The Planner's Perspective: How Much Is Too Much?

Paul Morrone |

By Paul Morrone CFP®, CPA/PFS, MSA

Excessive scrolling through social media news feeds, a multitude of smartphone apps and news outlets shoving all kinds of information (accurate, or not) down your throat and it’s easy to be over-informed and under-educated. This can pose a serious threat to a comprehensive savings and investing plan if the hot news story of the day is used to make long-term investment decisions. The savvy investor knows that daily, monthly, quarterly and in many cases annual fluctuations in their account are largely meaningless if your time horizon is 20 or 30 years away.

Think about when you first got a retirement plan (401(k), 403(b), etc.) through your employer. Their popularity surged in the 90s, but many people had access to them in the 80s. Aside from the Black Monday Crash in October of ‘87, markets were largely docile through the 80s and 90s, interest rates were consistently falling and it was, overall, relatively painless to stay invested. Without readily accessible internet connections, most investors did not pay much attention to their retirement plans aside from the periodic statements they received in the mail. In addition, making changes to investments required picking up the phone, waiting on hold and manually placing a trade in your account. Compare that to today, and it is easy to see why many people execute irrational trades based upon flawed information. While it would not be prudent to take the ‘ignorance is bliss’ approach with your long-term investments, we do recommend that emotional investors look at their accounts less frequently.

An ideal timeframe would be quarterly. Consistent with the long-term investor’s mindset, these quick reviews should not be anxiety provoking, but rather informative, and one bad quarter should not be used as the basis to completely overhaul your investment plan. Even though a 3-month period is too short to judge success in terms of long-term performance, it represents a reasonable period of time to ensure that you as the investor are informed and aware of what is going on with your savings. This knowledge is critical to understanding your progress towards your future savings goals and how your assets align with your bigger picture goals.
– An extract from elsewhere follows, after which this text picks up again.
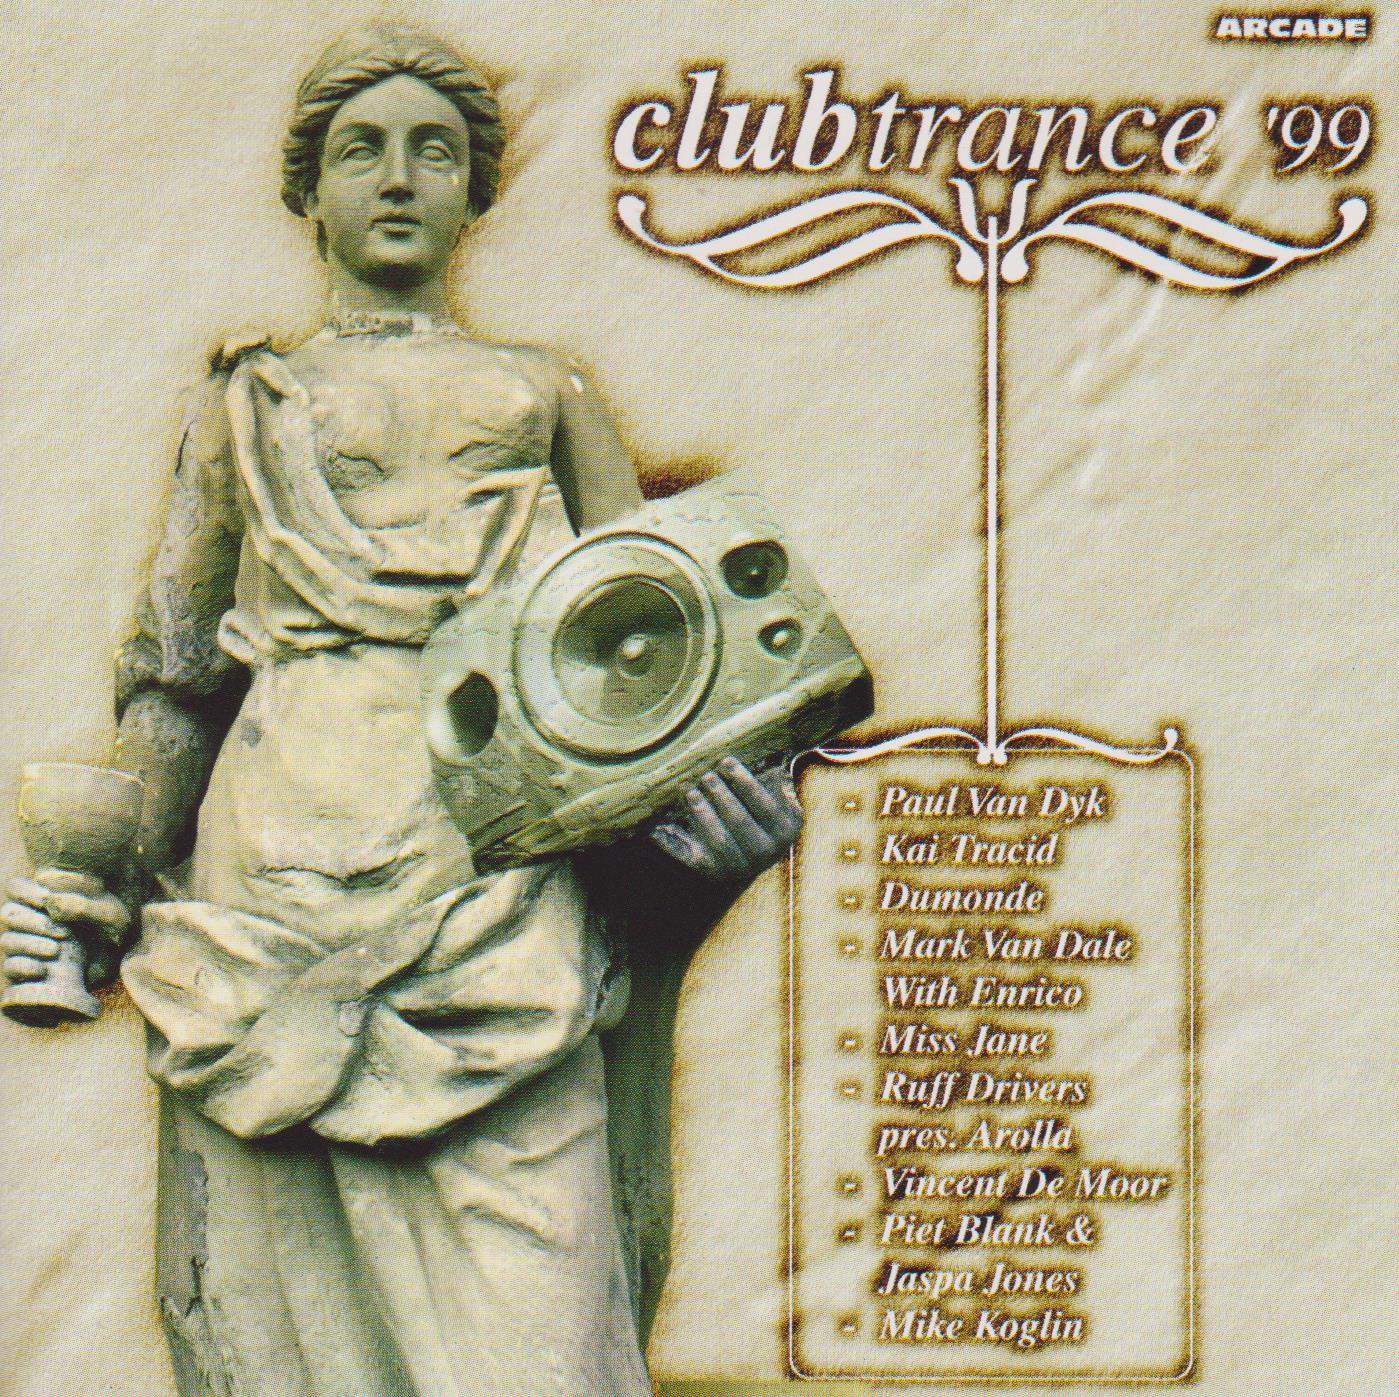 Club Trance '99 (Arcade-1999)

If you are working with an advisor, they should be in contact with you at least once a year to review your overall financial plan and discuss new/revised goals you may have, savings/spending relative to plan benchmarks, and, of course, your portfolio’s performance (among many other things). As part of the performance review, you should have an understanding of what worked and didn’t work over the past year, and what changes, if any are recommended going forward to keep you on track. In addition, there should be a periodic analysis of your risk tolerance and time horizon to ensure that the assets in your portfolio reflect your current mindset and goals.